The German-Russian proposal for the construction of the new Nord Stream 2 undersea natural gas pipeline is on the verge of creating a diplomatic conflict between the US and Germany.

According to Germany's Bild newspaper, the US ambassador in Berlin, Richard Grenell, sent letters directly threatening sanctions on German companies that participate in the project.

"We emphasize that companies involved in Russian energy exports are taking part in something that could prompt a significant risk of sanctions," the ambassador wrote. The German newspaper also quoted a Grenell spokesman who said that the letter should not be seen as a threat, but as a "clear message of US policy."

Nord Stream 2 is being built by Russia’s energy firm Gazprom and backed by five European energy companies. The 1,225km pipeline will run under the Baltic Sea from Russia to Germany. Its construction began in 2010 and is scheduled to be finalised by the end of this year.

The new pipeline would increase the amount of gas going under the Baltic to 55 billion cubic metres a year.

Eastern European, Nordic, and Baltic countries think the pipeline would give too much control of the EU’s energy supply to Russia, which accounted for 39% of the bloc’s gas imports in 2013, ahead of Norway, which is part of the EU’s single market. However, Northern Europe and Germany believe the economic benefits outweigh this issue.

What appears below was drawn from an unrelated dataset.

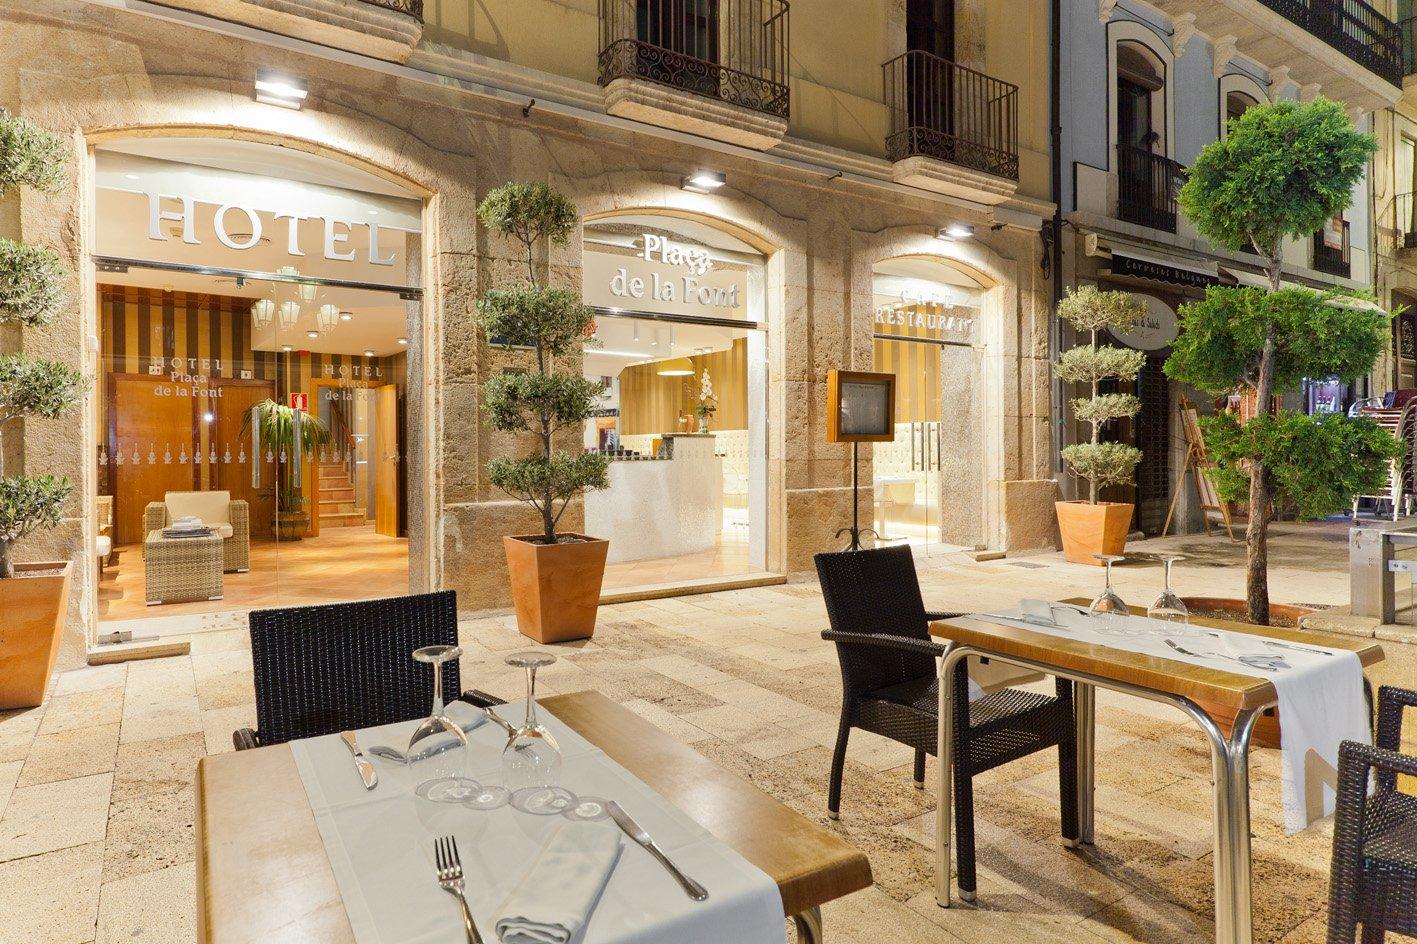 hotel_la_fontnombre_del_documento_33-849ebeea1652f31054dba23ee55f15d1
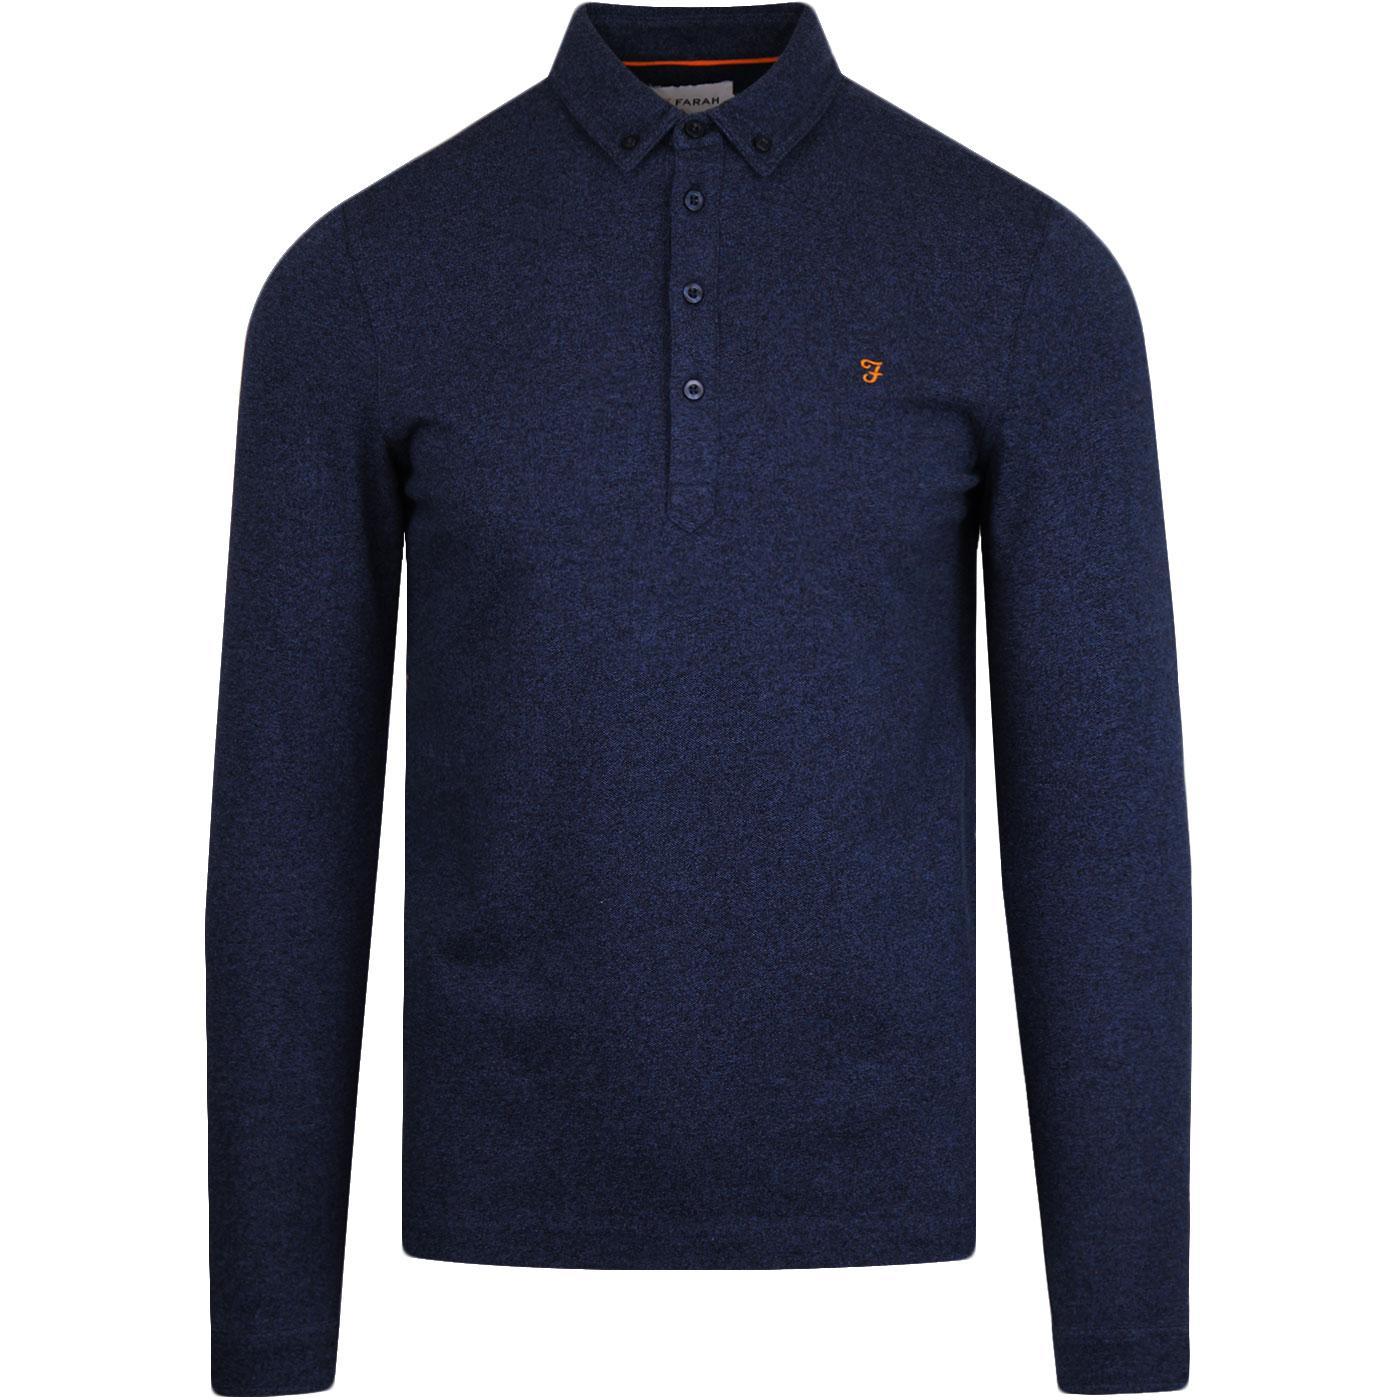 Merriweather FARAH Mod L/S Pique Polo Shirt (NBM)

US President Donald Trump's administration has been lobbying against the pipeline as the Nord Stream 2 project anticipates an increase in Russian natural gas going directly to Germany and to other countries in Europe through the Baltic, bypassing Ukraine.

The new pipeline would go through the territorial waters of five countries: Russia, Finland, Sweden, Denmark and Germany.

Critics are worried that the pipeline could deliver a major blow to Ukraine's economy because, along with its TurkStream (a pipeline that runs from Russia to Turkey), Russia would be able to completely bypass Ukrainian lines, leaving Kyiv without gas transit fees.

German businesses are very involved in the pipeline, having invested heavily in the project, which is run by former Chancellor Gerhard Schröder.

German energy companies Uniper and Wintershall would have a lot to lose should the project be cancelled.

Other European companies involved in the project include the Anglo-Dutch Shell, Austria's OMV and France's Engie.

German Chancellor Angela Merkel has said the pipeline would not make Germany dependent on Russia and stressed that Ukraine must remain a transit country.